Supplied data:
..............................
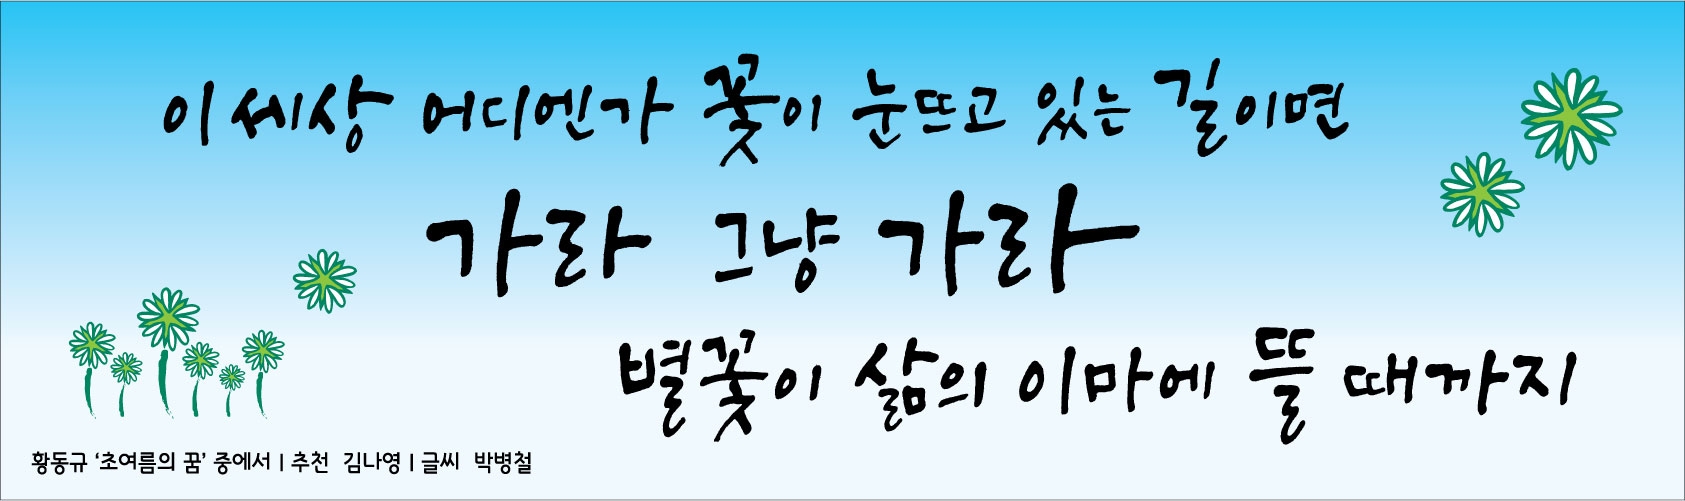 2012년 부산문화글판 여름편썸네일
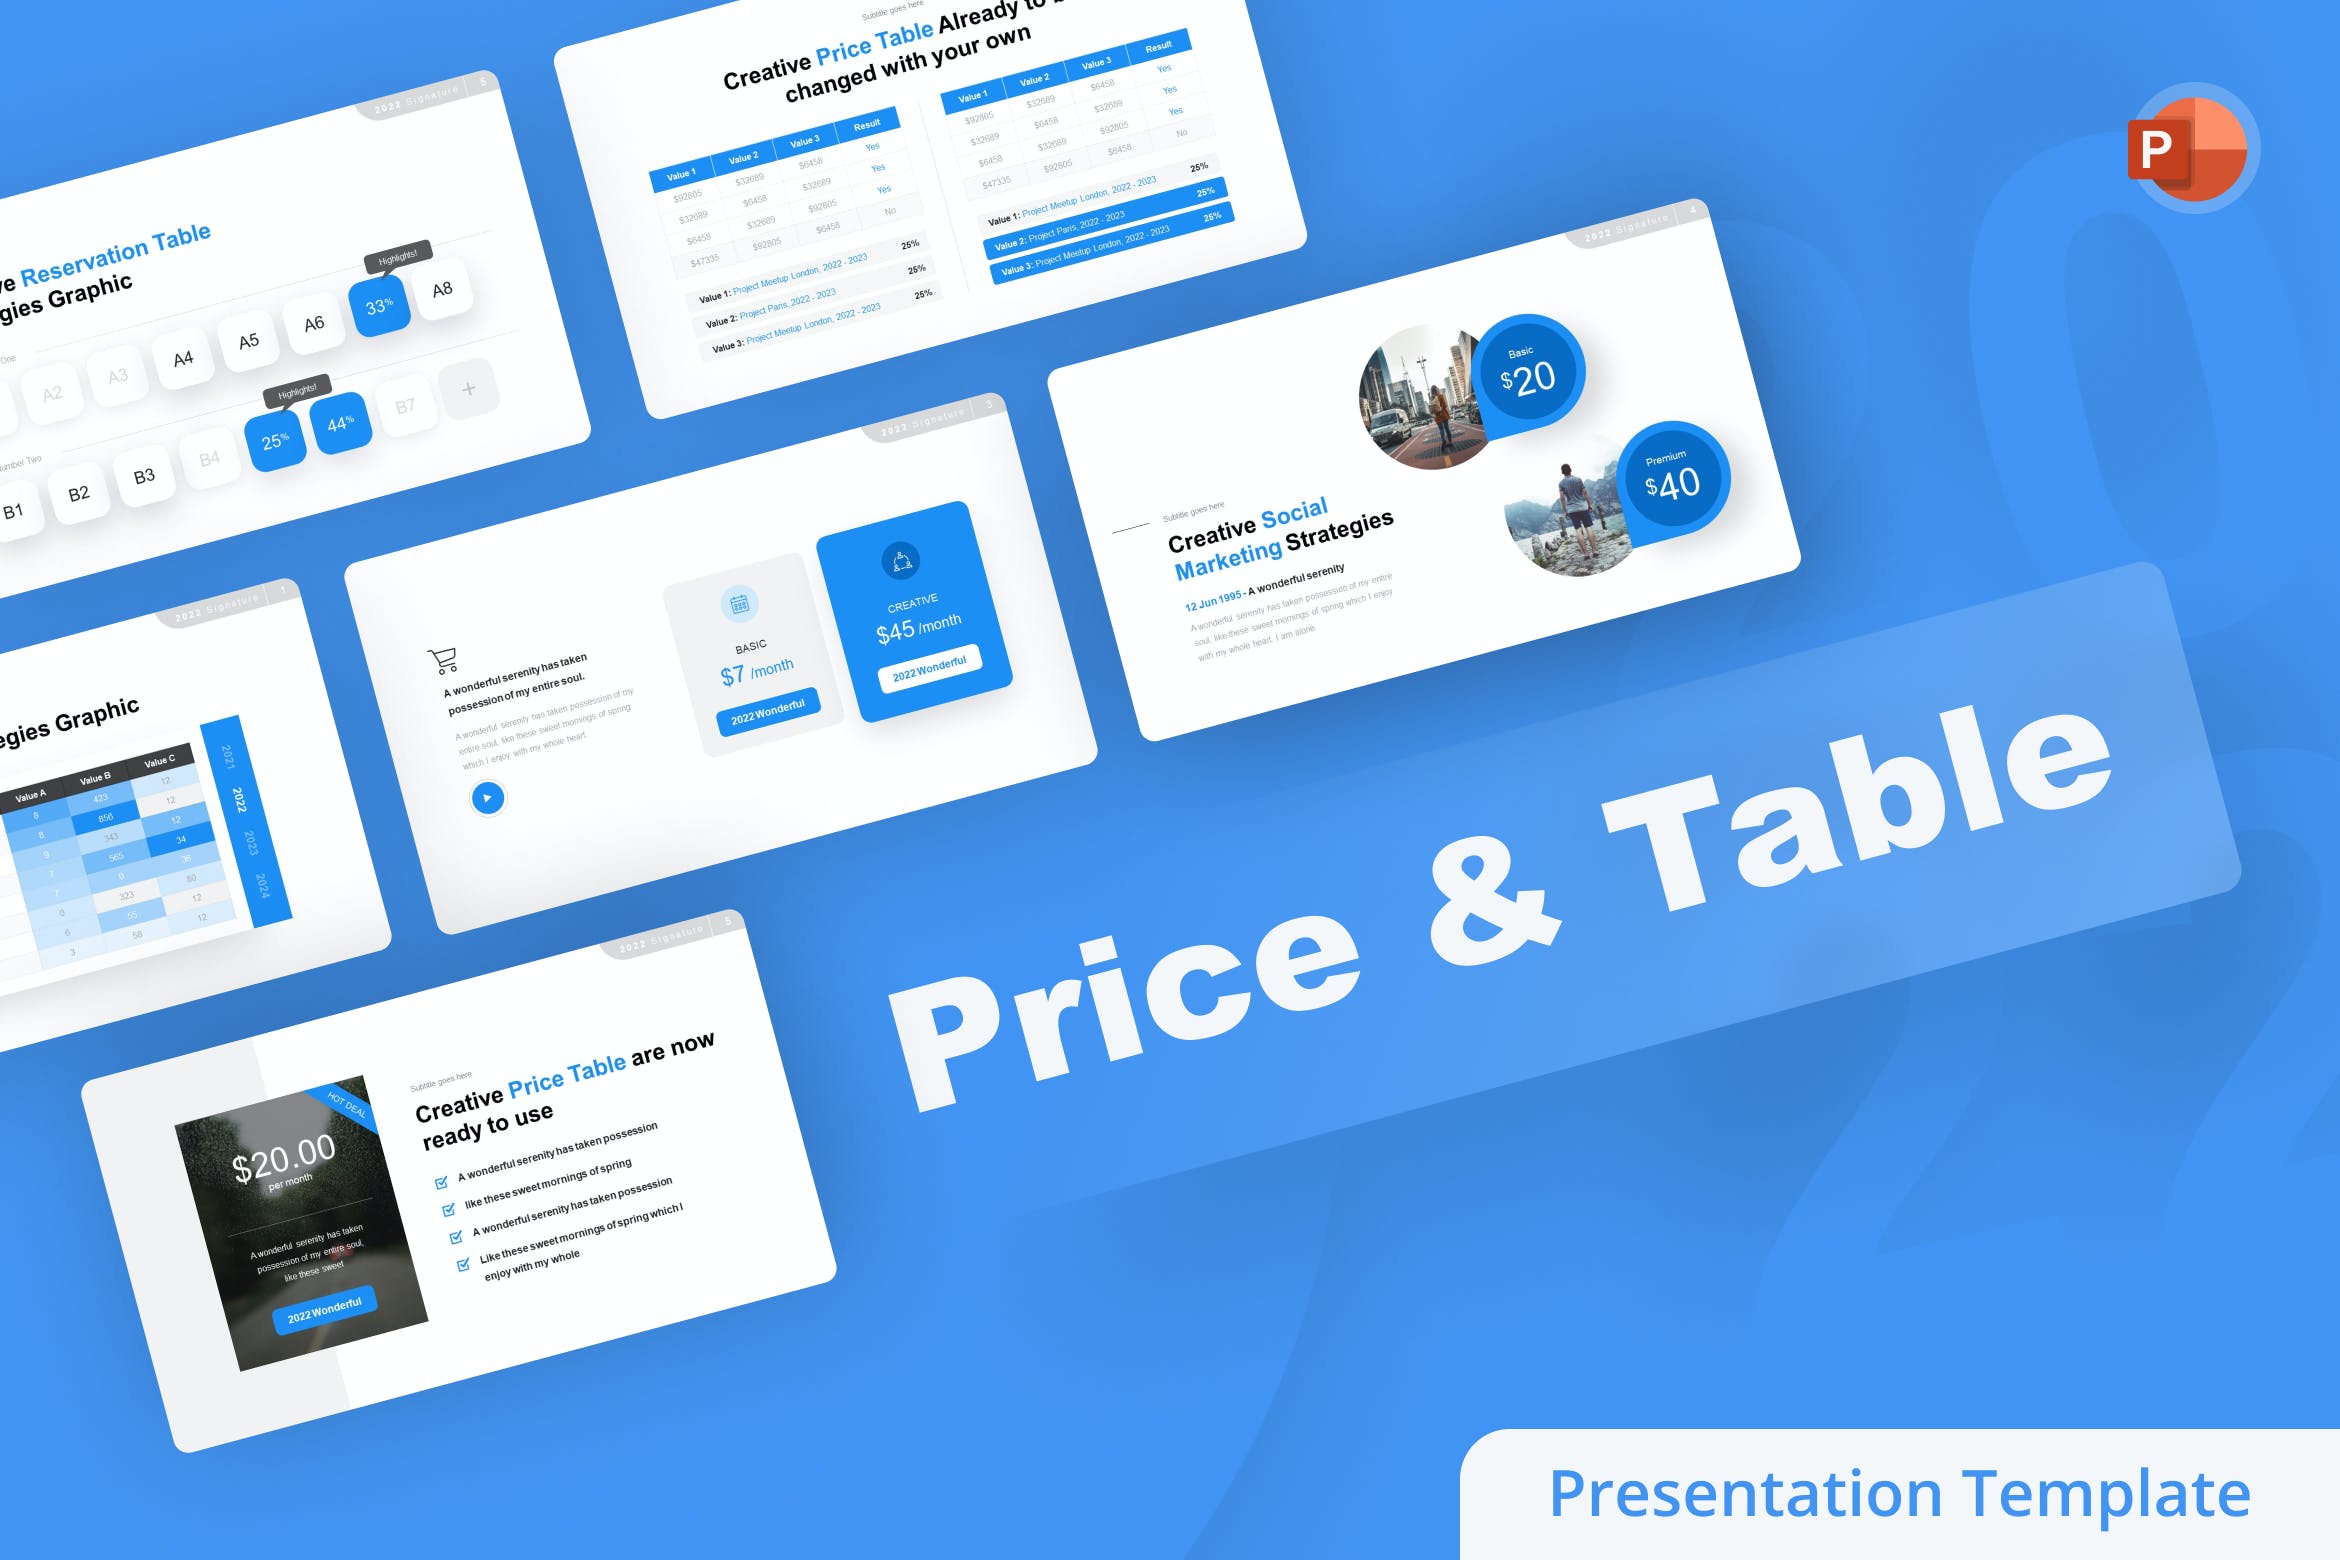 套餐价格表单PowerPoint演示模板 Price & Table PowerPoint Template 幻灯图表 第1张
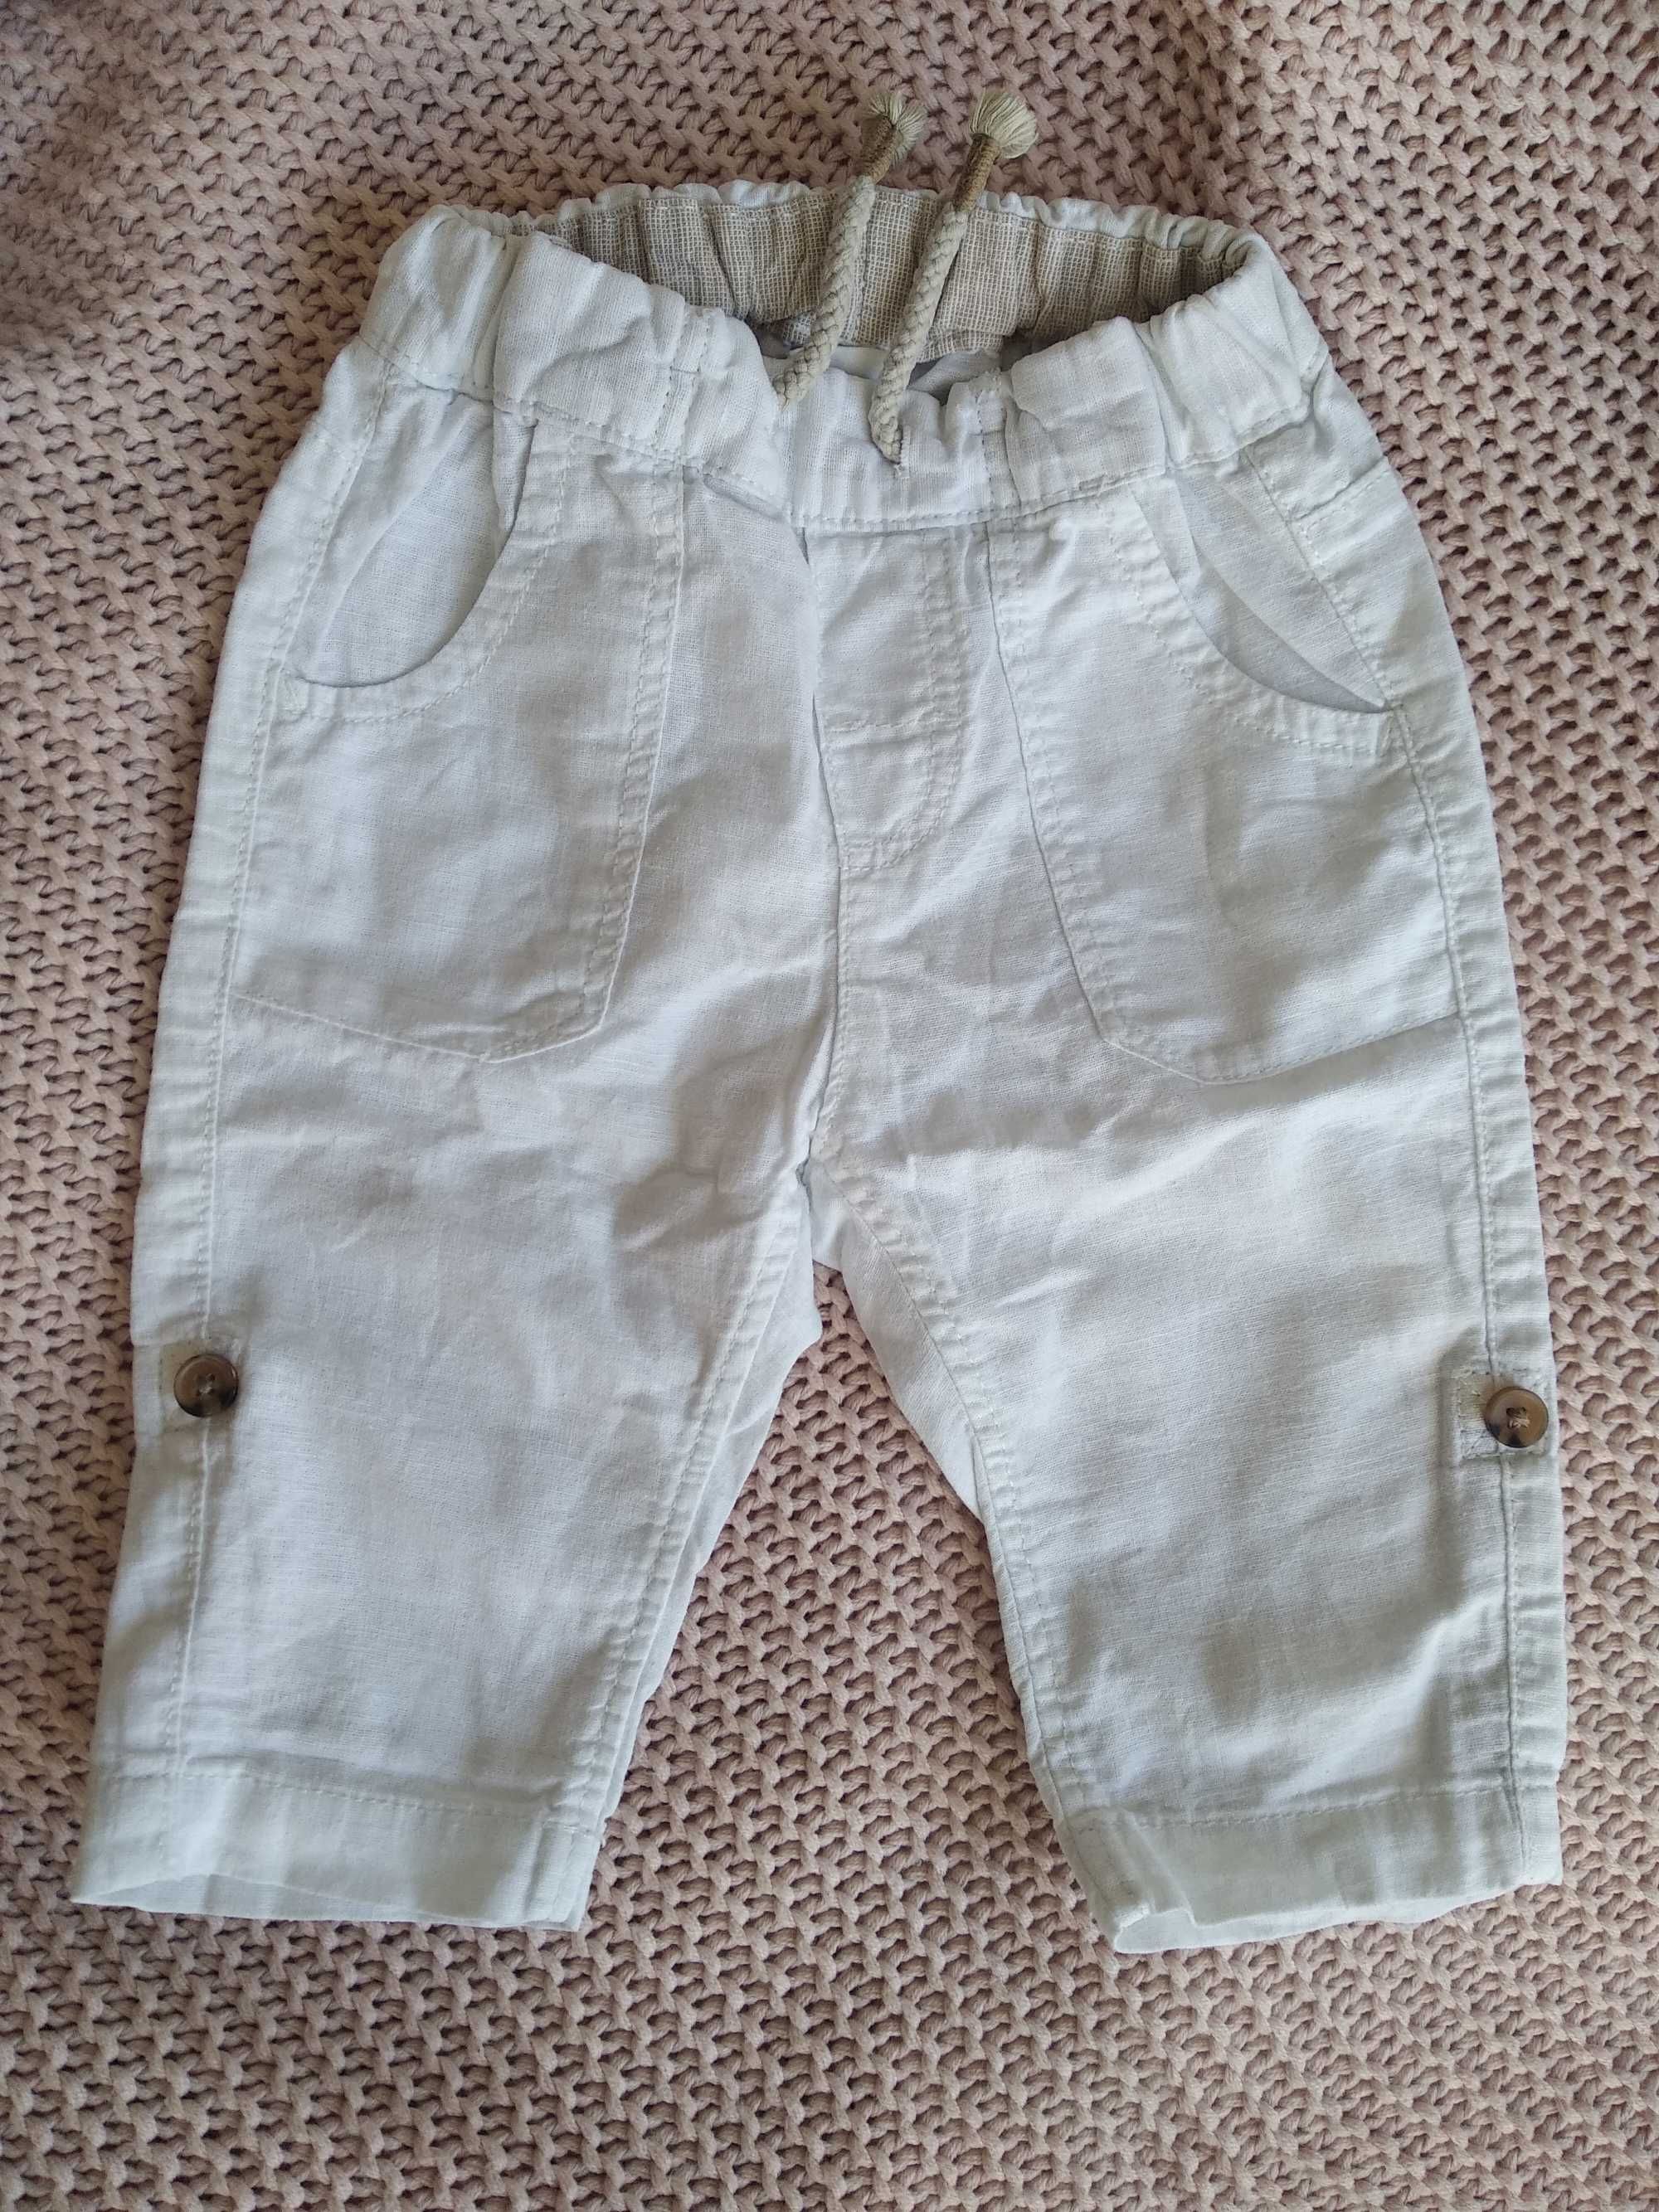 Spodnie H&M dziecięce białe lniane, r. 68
..............................
Problem to solve: Reproduce the listing in full and exactly, excluding any pictures it holds.

Exercise output:
 2012년 부산문화글판 여름편썸네일
 套餐价格表单PowerPoint演示模板 Price & Table PowerPoint Template 幻灯图表 第1张
 Spodnie H&M dziecięce białe lniane, r. 68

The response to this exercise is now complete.